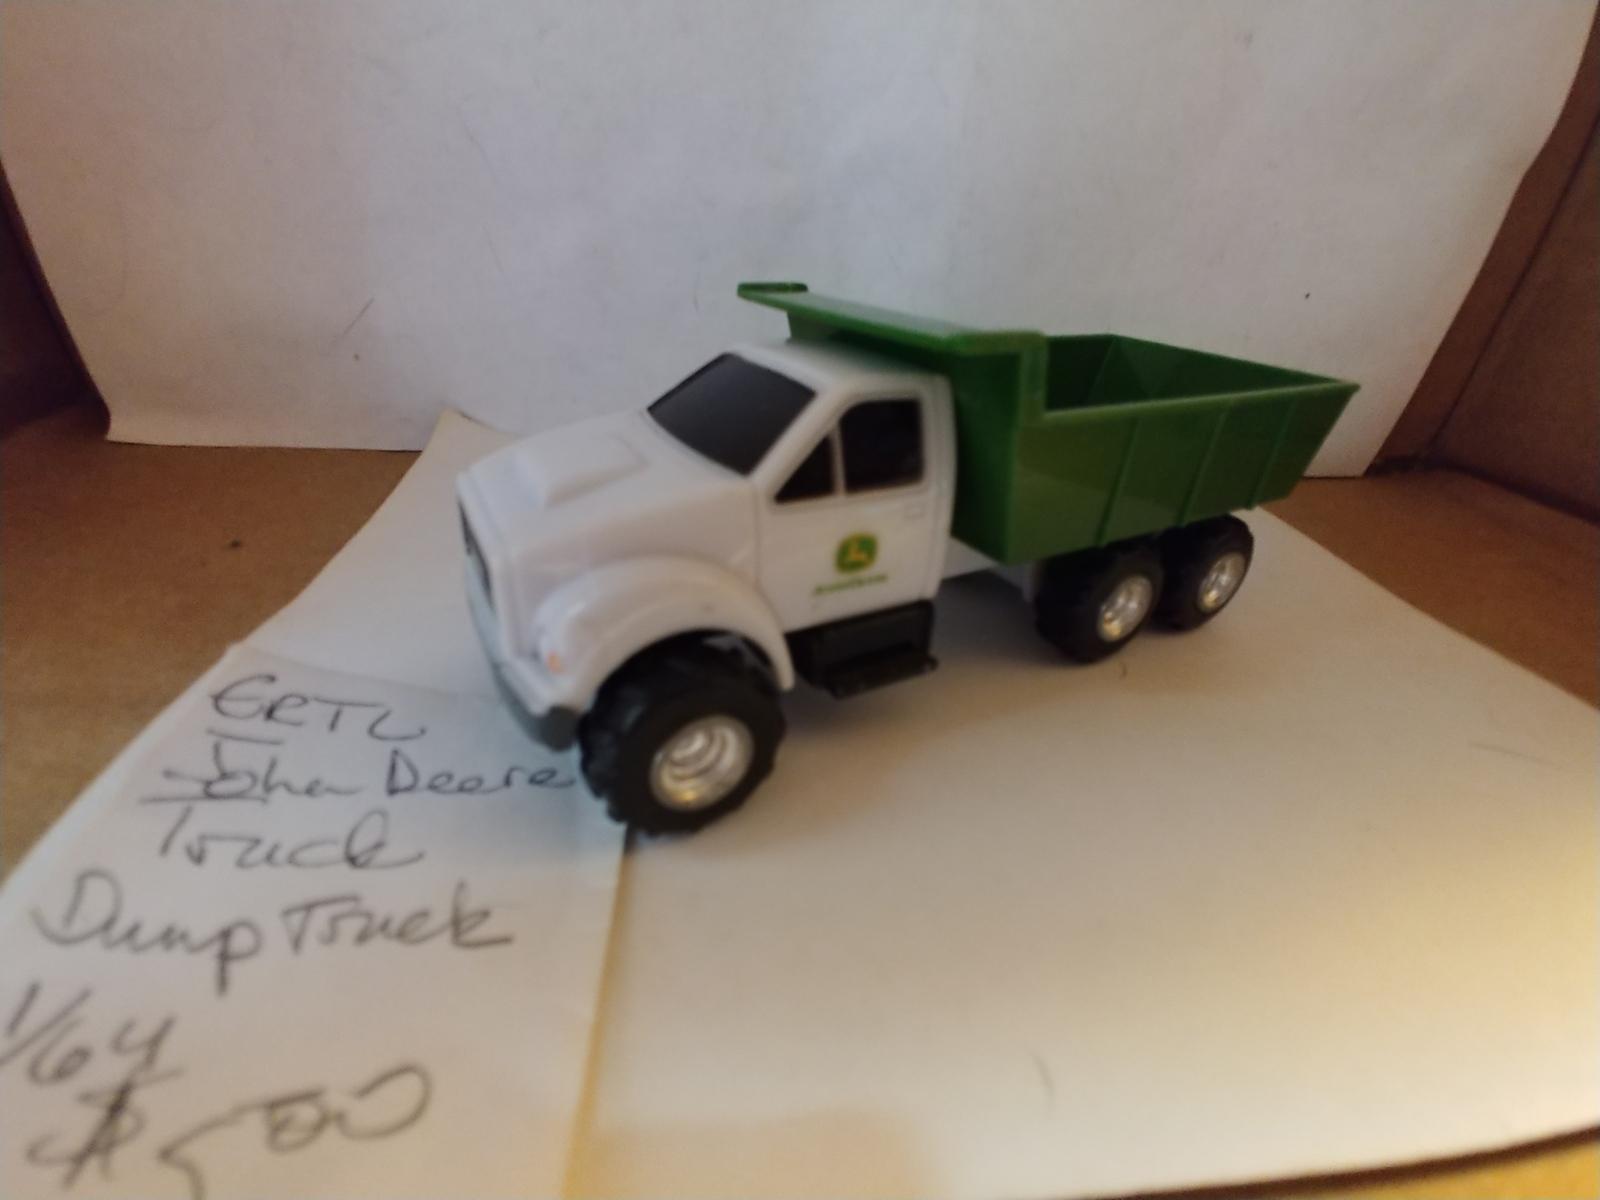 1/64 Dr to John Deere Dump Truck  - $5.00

----------

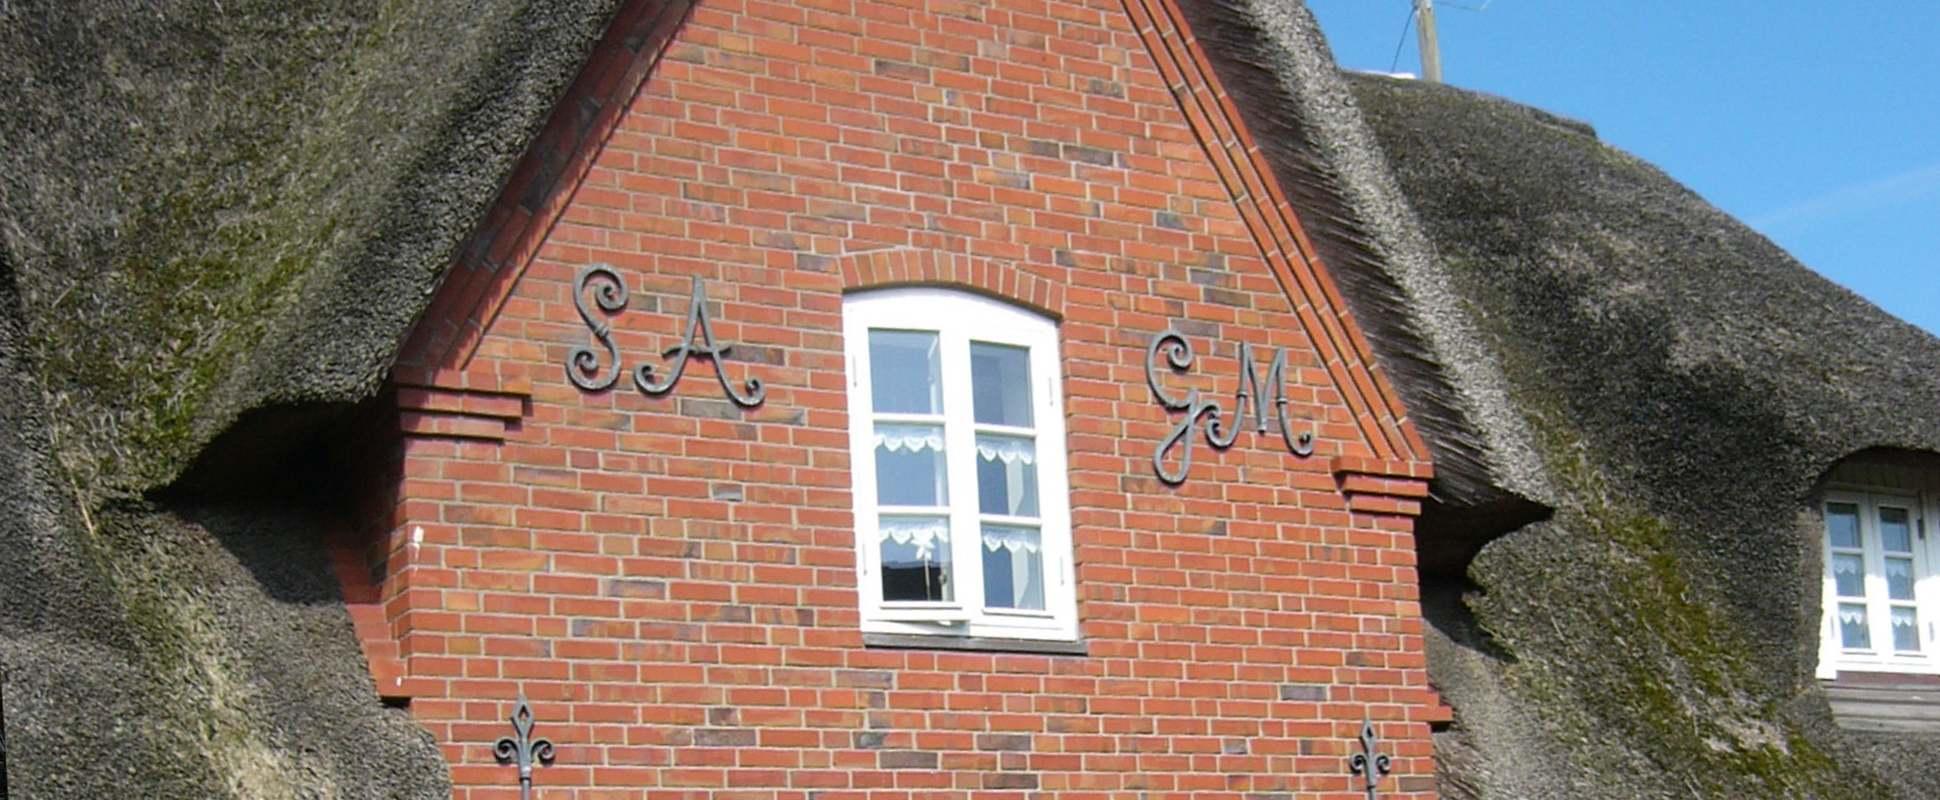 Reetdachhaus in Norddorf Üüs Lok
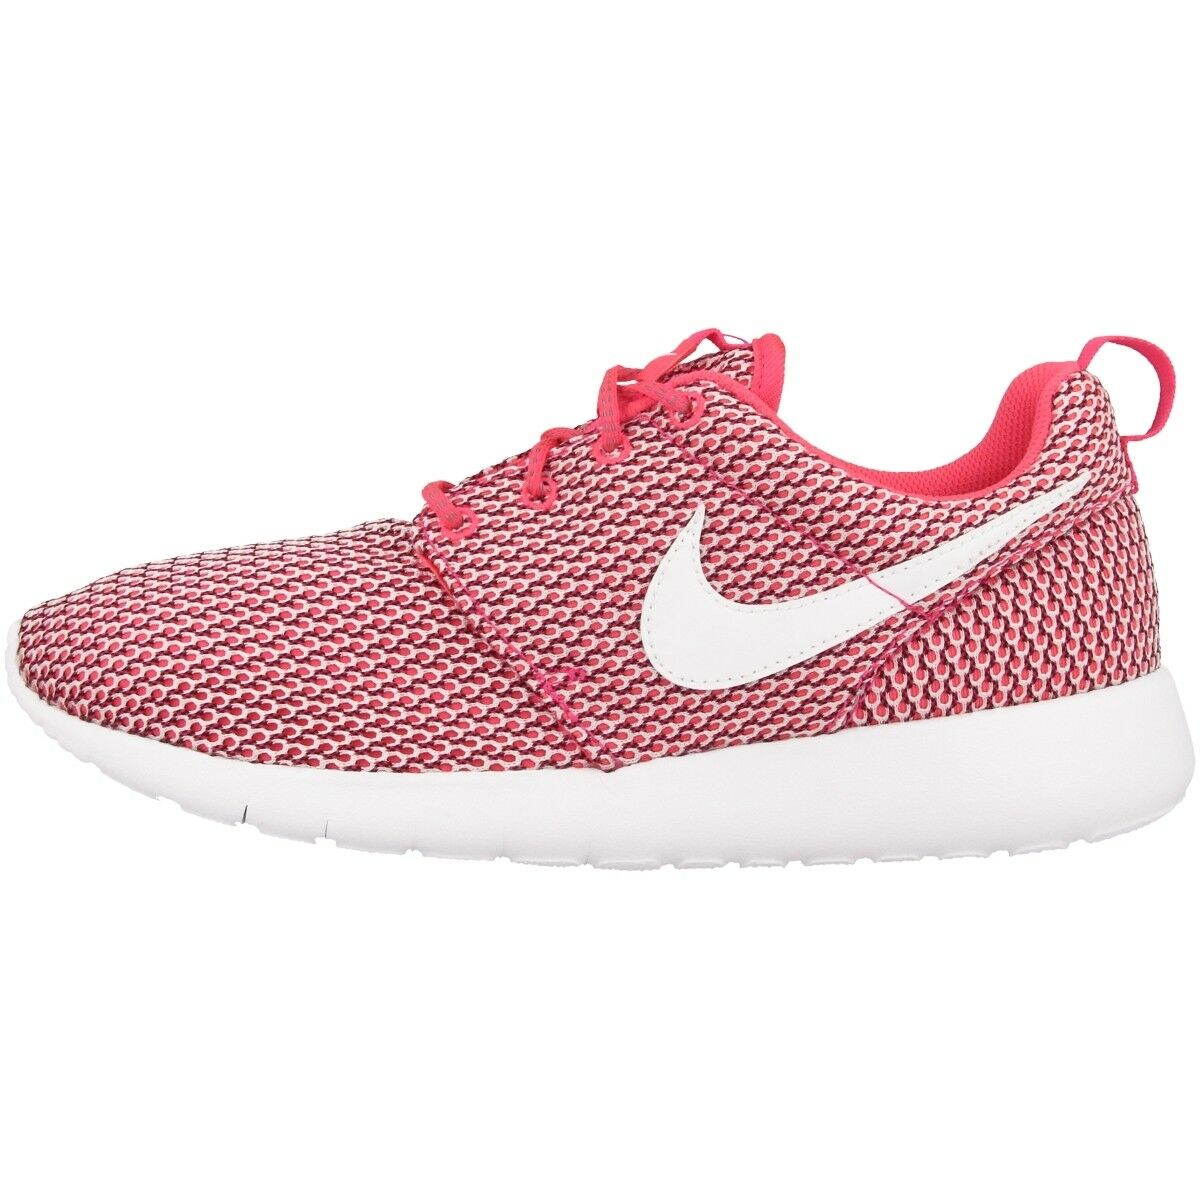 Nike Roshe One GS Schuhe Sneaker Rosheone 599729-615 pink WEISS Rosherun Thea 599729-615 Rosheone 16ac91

----------

▶ [Try it] Starting at the line containing "Reetdachhaus in Norddorf Üüs Lok" and stopping at the line containing "Nike Roshe One", output each line exactly as it appears above. Leave out the pictures.

▶ [Answer for the task]
 Reetdachhaus in Norddorf Üüs Lok
 Nike Roshe One GS Schuhe Sneaker Rosheone 599729-615 pink WEISS Rosherun Thea 599729-615 Rosheone 16ac91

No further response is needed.